- Education: University of Leeds (BSc) London School of Hygiene and Tropical Medicine (MSc, PhD)
- Scientific career
- Workplaces: London School of Hygiene and Tropical Medicine, American Biophysics Corporation Vestergaard Frandsen, Bill & Melinda Gates Foundation

= Helen Jamet =

Medical entomologist

Helen Jamet FRES is a medical entomologist from the UK, she is deputy director for Vector Control of Malaria at the Bill & Melinda Gates Foundation.

== Education and career ==
Jamet did a BSc in Applied Biology at the University of Leeds graduating in 1994 and then a Master of Science in Medical Parasitology in 1996 and a PhD in Infectious Diseases at the London School of Hygiene and Tropical Medicine where she graduated in 2002. She stayed and worked as a research fellow for two years at the LSHTM and then worked as a consultant medical entomologist for the American Biophysics Corporation, testing mosquito traps in the field in Tanzania.

Jamet worked for Vestergaard Frandsen from 2007 to 2018 where she was Project Manager, Head of Entomology and finally global head of Research & Market Access.

== Research ==
At Vestergaard Jamet helped to develop the first next-generation long lasting insecticide treated bed nets which have two compounds, an insecticide and a synergist Piperonyl butoxide to enhance the action of the insecticide on the mosquito, blocking the enzymes in the mosquito that break down the insecticide.

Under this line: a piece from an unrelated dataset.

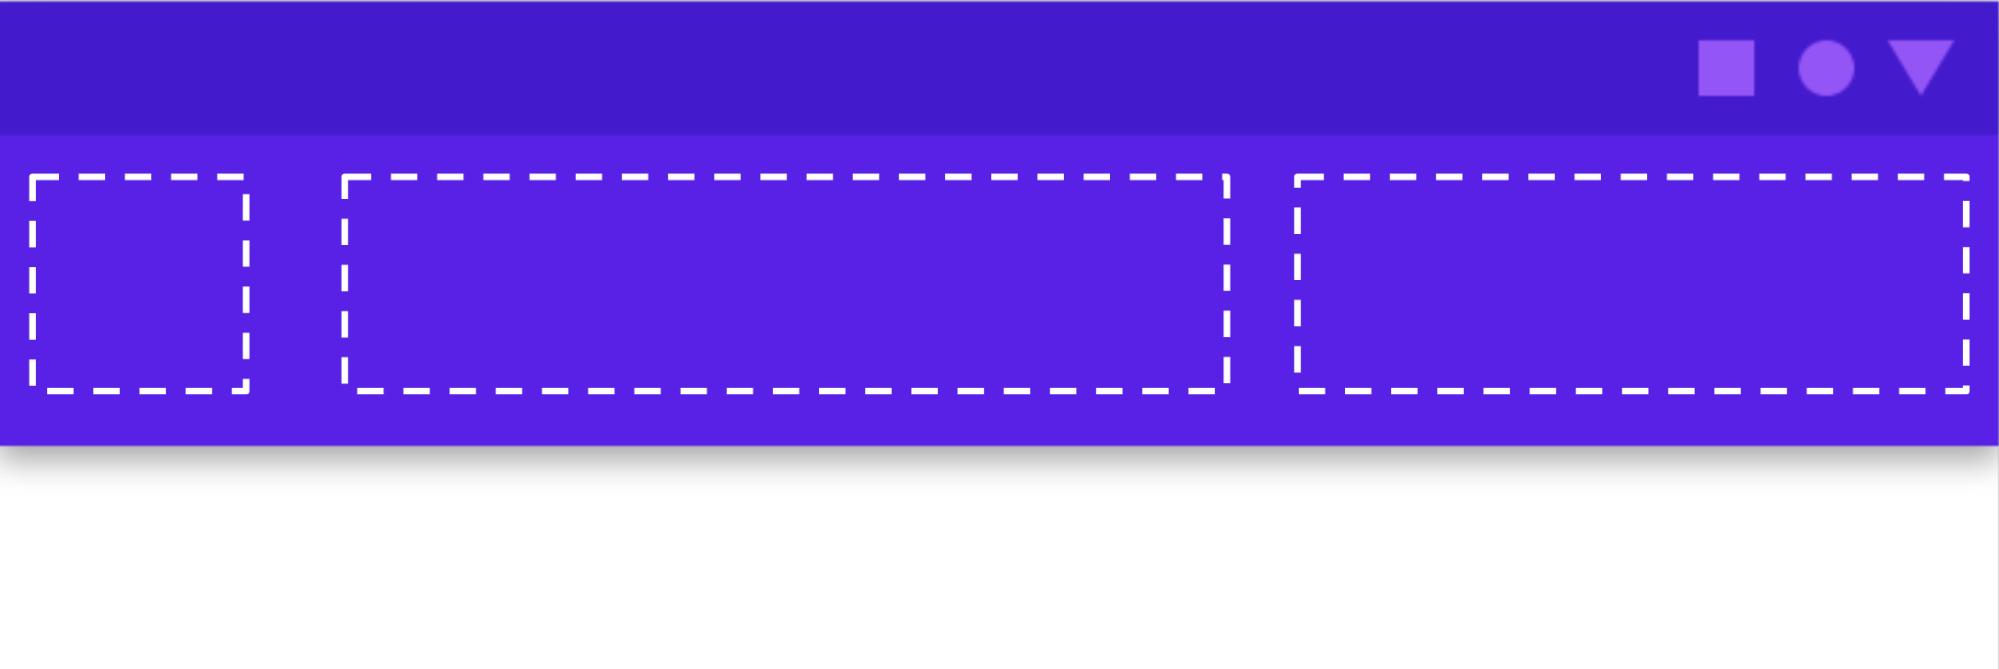 Diagrama que muestra los espacios disponibles en la barra de la app de componentes de Material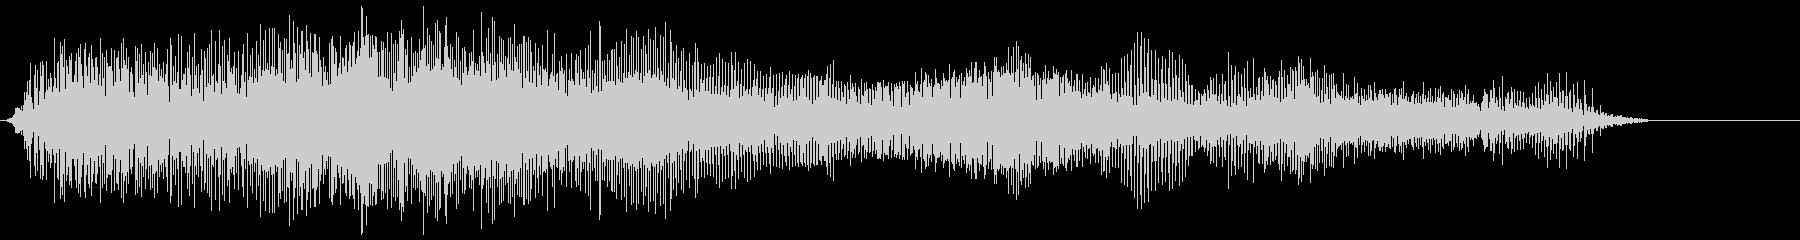 モンスターローグロール4の未再生の波形

Her work has also involved compiling data on the effectiveness of insectides against malaria vectors, to see which control methods are needed and map where resistance might be developing; she is also involved in looking for new pesticide compounds that can kill mosquitoes through novel biological mechanisms

== Honours and awards ==
Jamet is a Fellow of the Royal Entomological Society and of the Royal Society of Tropical Medicine and Hygiene.